Setelah pelaksanaan debat pilpres pada Sabtu (30/3/2019) malam antara Capres Jokowi dengan capres Prabowo, penulis menyusun artikel ini  untuk menanggapi ucapan capres Prabowo  yang menilai kondisi pertahanan dan keamanan Indonesia berada pada titik yang lemah dan juga rapuh.
Dengan pertahanan dan keamanan negara yang rapuh ini, kata Prabowo, Indonesia tidak memiliki kekuatan militer yang kuat untuk bisa mengantisipasi gangguan yang mengancam kedaulatan negara.
Dia juga mengatakan bahwa politik diplomasi luar negeri yang bagus pun tidak akan ada artinya, kalau pertahanan dan keamanan negara masih dalam kondisi jauh dari yang diharapkan.
Sebagai penulis yang khusus menganalisis masalah hankam dari persepsi intelijen, selain  masalah politik, kedirgantaraan, dan budaya, penulis sangat menyayangkan ucapan tersebut, rasanya kurang pas dan kurang memperhitungkan side effect sebagai capres.
Prabowo kini mendapat sanggahan dari senior dan temannya, Menkopolhukam Wiranto menanggapi dengan keras, dan demikian juga Menhan Ryamizard Ryacudu yang sering ceplas ceplos terukur, menyatakan tersinggung sebagai Menhan.

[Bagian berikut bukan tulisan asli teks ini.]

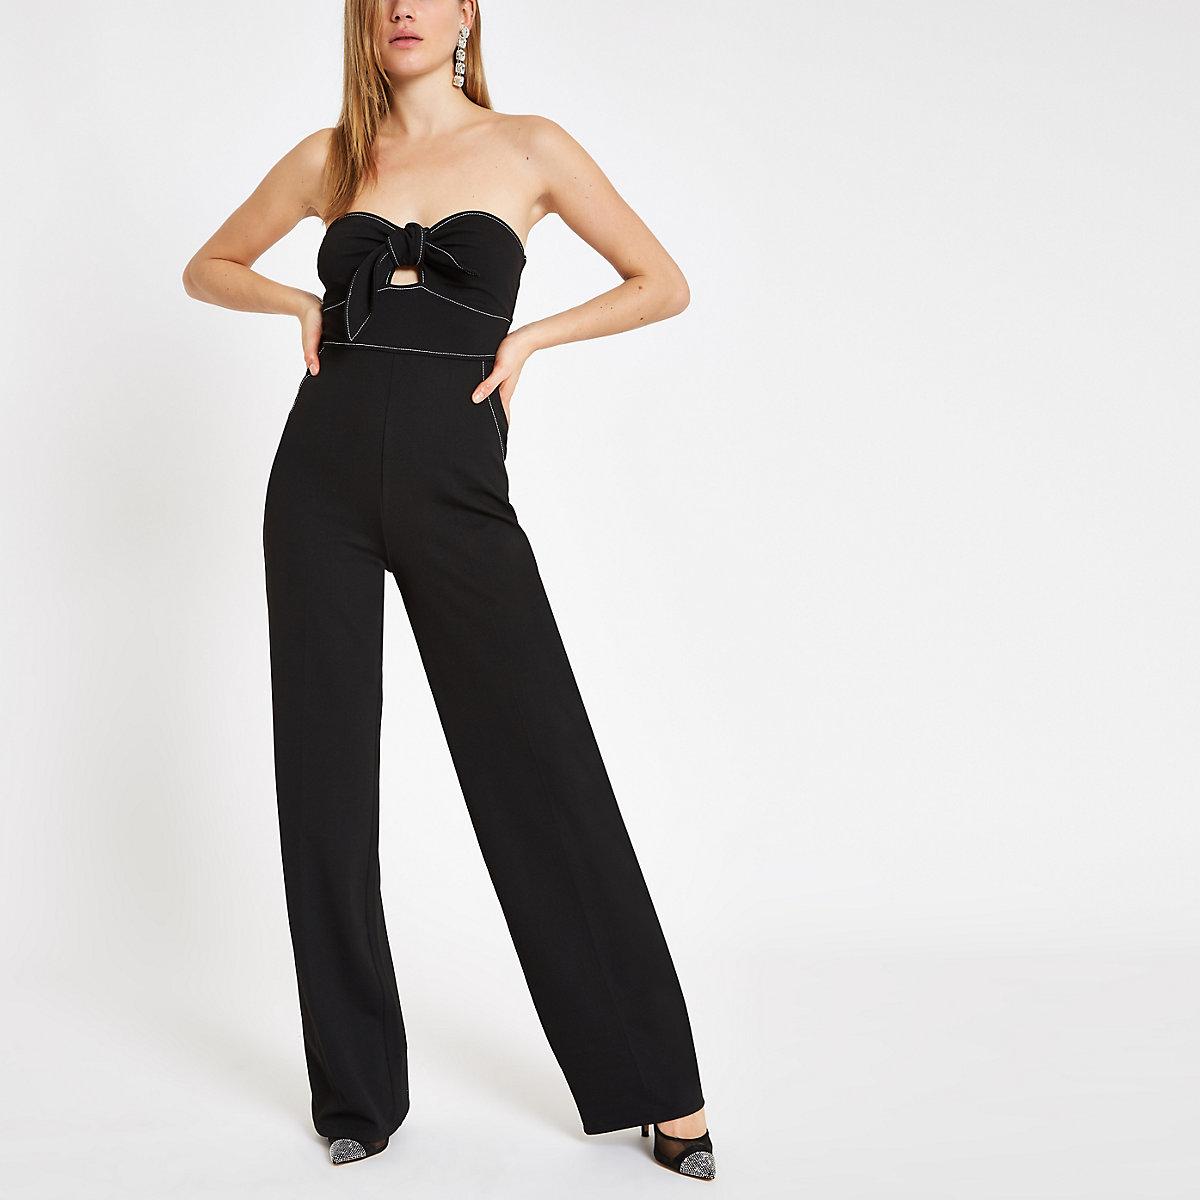 Zwarte jumpsuit in bandeaustijl met smaltoelopende pijpen en strik voor

Tentang yang dikatakan soal budaya ABS di TNI, soal ucapan yang oleh komunitas purnawirawan dinilai sombong, penulis tidak akan membahas. Tulisan ini fokus memberi gambaran bahwa dengan alutsista dan penyiapan sumber daya manusia, kita tidak lemah dan rapuh.
Penulis memahami dalam persaingan pilpres saat ini, kalau Prabowo sebagai penantang petahana ingin dinilai memiliki rencana hebat bila menang, dia akan menyebutkan apa yang kurang, jelek atau lemah dari petahana. Tapi ada yang masalah prinsip yang dilupakannya.
Sebagai seorang yang pernah tugas di TNI, jangan sentuh dengan nada negatif masalah pertahanan dan TNI, institusi terhormat dimana dia pernah berkarier, dapat pangkat, jabatan, kehormatan, makan nasi TNI dan segala tetek bengeknya. TNI sejak kita merdeka selalu menjadi tulang punggung dalam menjaga negara.